For that reason, I doubt there’s as much joy in Pottsylvania as Gary Varvel suggests, but I’m impressed with his acknowledgement that Boris and Natasha came “after Elzie Segar,” given that Segar, the creator of Popeye, died in 1938, while the Rocky and Bullwinkle Show debuted in 1959.

Which is undeniably after. Can’t fault him on that.


Waiting between shows for the Sinema girl

There have been a number of cartoons spoofing Kyrsten Sinema’s self-absorbed declaration that she’s leaving the Democratic Party, but Pat Bagley wins the prize for citing her timing, just after Raphael Warnock’s much-watched victory in the Georgia special election.

You might argue that she waited to be sure the majority was established before jumping ship, but, then again, she could have held the announcement until the start of the next session. As it is, her announcement of independence reminds me of Aesop’s story of the fly who apologized to the ox for sitting on his horns and being such a burden, to which the ox answered, “Until you spoke up, I hadn’t noticed you were there.”
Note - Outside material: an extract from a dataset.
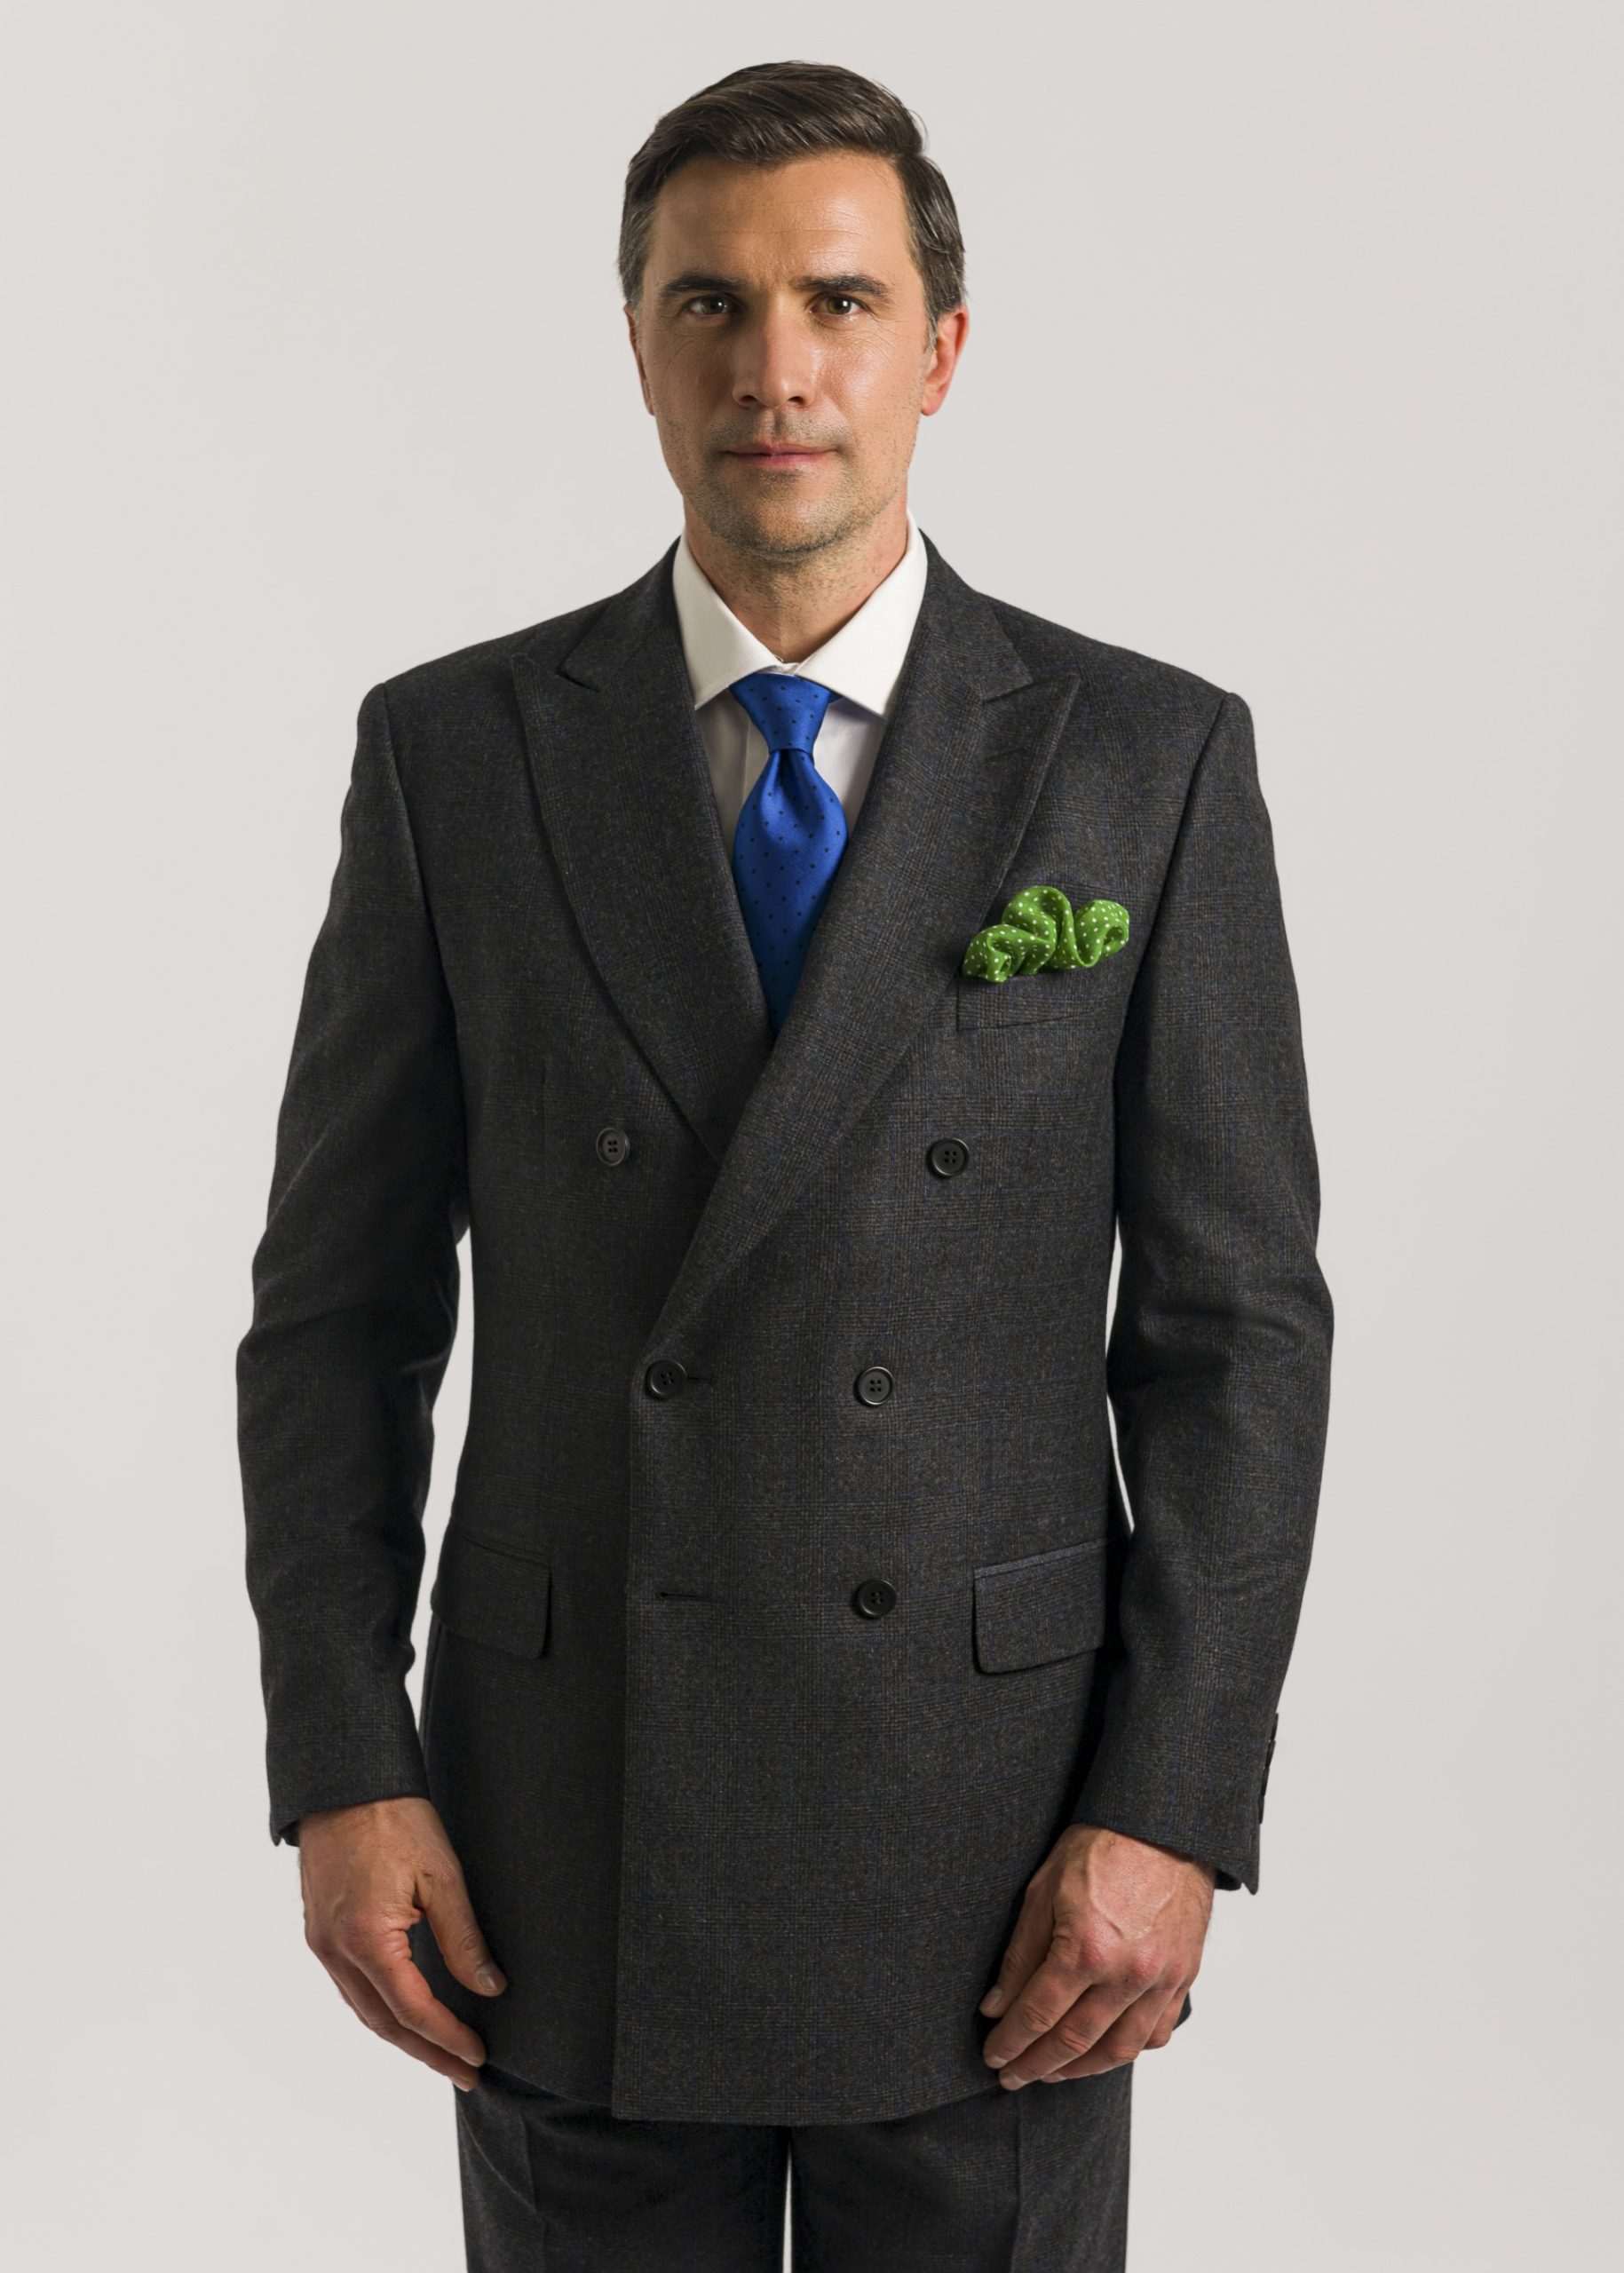 Men’s classic fit double breasted grey suit

It’s not like her loyalty was a major factor in anyone’s planning.


While, as Adam Zyglis points out, there must surely be a few GOP congresscritters who wish they were able to slip the chains from their own necks.

But, to cite a second Aesop fable, it may not be a choice between lean freedom and fat slavery, as demonstrated in our

Juxtaposition of the Day #3

(Pedro X. Molina — Counterpoint)


(Oliver — Cartoon Arts International)

It seems, according to Fortune magazine, that Kyrsten Sinema has been the recipient of some generosity in recent months, and Molina is not the only person to suggest that it may have perhaps tilted her perspective. Their report begins …

… and doesn’t get much better for those of us who wish we could get money out of politics.

Which appears to be more the case overseas, where Qatar is accused of making “donations” to members of the EU Parliament, only the term seems to translate better as “bribes.”

Perhaps the difference is that it’s okay, as long as you play nudge-nudge-wink-wink instead of saying exactly what is expected in exchange.

Or perhaps there is no difference.


2 thoughts on “CSotD: Mixed, and mixed-up, messages

  1. I was kind of appalled about releasing Bout for a basketball player until it was pointed that he’s been out of circulation for 14 years and Russia has no surplus arms to sell anyway. Fair trade.